Dennis Priestley (born 16 July 1950) is an English former professional darts player. He has won two world championships, and was the first player to win both the BDO and WDC (now PDC) world championships, in 1991 and 1994 respectively. He is nicknamed "The Menace", after the Beano character Dennis the Menace, and reflects this by wearing red and black, and using red and black flights.

Early career
Born in Mexborough, West Riding of Yorkshire, Priestley was originally a coal merchant by trade, and did not enter professional darts until he was almost 40 years old. He first caught the eye in 1989 when he reached the final of the News of the World Darts Championship where he was beaten by the experienced Dave Whitcombe. He then reached the semi-finals of the 1990 Winmau World Masters, losing to eventual champion Phil Taylor.

Rising to the top
Shortly after becoming a newsagent, Priestley won the 1991 Embassy World Championship, after beating Eric Bristow 6–0 in the final. He had defeated defending champion Taylor in his quarter-finals and 1988 champion Bob Anderson in his semi-final. He won the 1992 Winmau World Masters and also picked up many BDO Open events between 1991 and 1993.

WDC/PDC

Priestley was a founder member of the World Darts Council (WDC) which split from the British Darts Organisation in 1993. As a consequence, Priestley was precluded from assuming the role of England captain which he had been awarded shortly beforehand.

Priestley won the inaugural WDC World Darts Championship in 1994. This high point was surrounded by several wins on the WDC's new professional circuit (including the Skol Matchplay, UK Matchplay, Antwerp Open, and Samson Darts Classic) in 1993 and 1994. Since then, he has been a PDC World Championship runner-up four times, in 1996, 1997, 1998 and 2000, losing to Taylor on all four occasions. Priestley has also been a three-times World Matchplay runner-up, losing to American Larry Butler in 1994, Taylor in 1995 and Peter Evison in 1996.

Between 1991 and 1994, Priestley was the only player to win more than one grand slam/major title (he won three), while he also claimed more top professional events on either circuit than any other player and attained the number-one ranking.

Priestley's ascendancy was forcefully ended by Taylor's World Championship and World Matchplay triumphs in 1995. He did, however, notch up a further major televised title later that year – the inaugural PDC World Pairs partnering Bristow.

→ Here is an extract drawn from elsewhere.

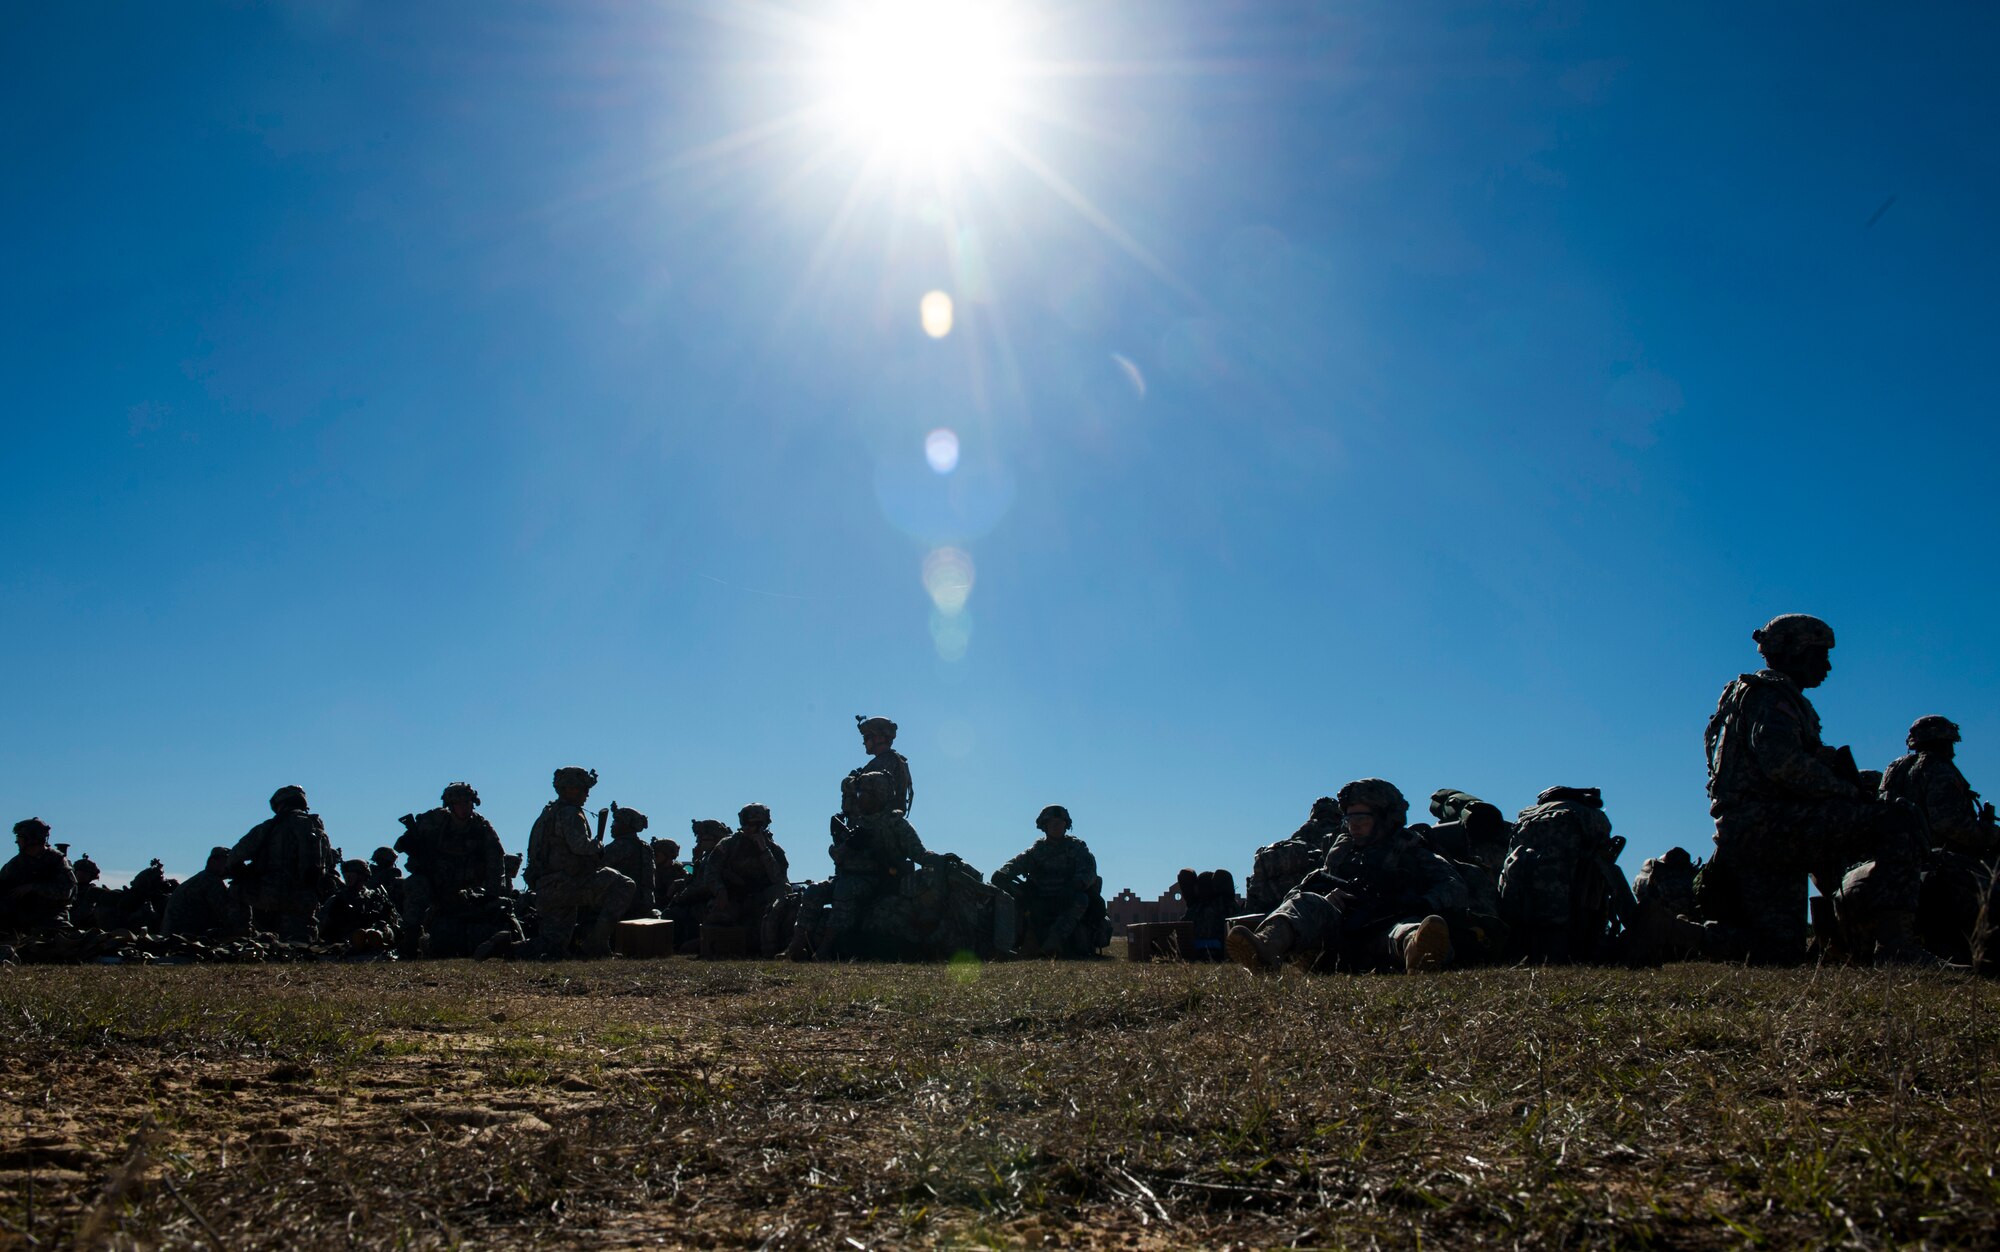 Members of the U.S. Army 1st Brigade 10th Mountain Division stationed at Fort Drum, N.Y., rest during an exercise at a the Joint Readiness Training Center at Fort Polk, La., Jan. 18, 2015. JRTC is a 34th Combat Training Squadron exercise for the U.S. Army that improves unit readiness by providing realistic, stressful, joint and combined arms training across the full spectrum of conflict. (U.S. Air Force photo/Staff Sgt. Gustavo Gonzalez/RELEASED)

His 1996 World Championship Final with Taylor is often seen as one of the best matches in the history of the PDC. Although Priestley hit 15 180s and averaged 101.48 in the match, he was edged out 4–6 by the ruthless brilliance of Taylor. Priestley struck 14 180s, had a 10-dart leg and had been 2–0 up in the following year's final. Again, however, it was to no avail as Taylor won 6–3. Perhaps for matches such as these, Taylor stated in his autobiography that Priestley is the "best player [he has] ever faced". Taylor makes a similar reference to Priestley on the biography section of his website.

Other achievements
Despite living in the shadow of Taylor for much of his career, Priestley nonetheless has accomplished some unique achievements.

He is the only man to date to win both the BDO and PDC World Championships at his first attempt. Priestley won the 1991 BDO title in his first appearance in the main draw of the Lakeside event, while he won the inaugural PDC World Professional Darts Championship in 1994.

He is the first man to average over 100 in a World Championship final, when he averaged 101.48 in the 1996 WDC World Championship Final in a 4–6 loss to Taylor, despite Taylor's average being almost three points lower at 98.52. 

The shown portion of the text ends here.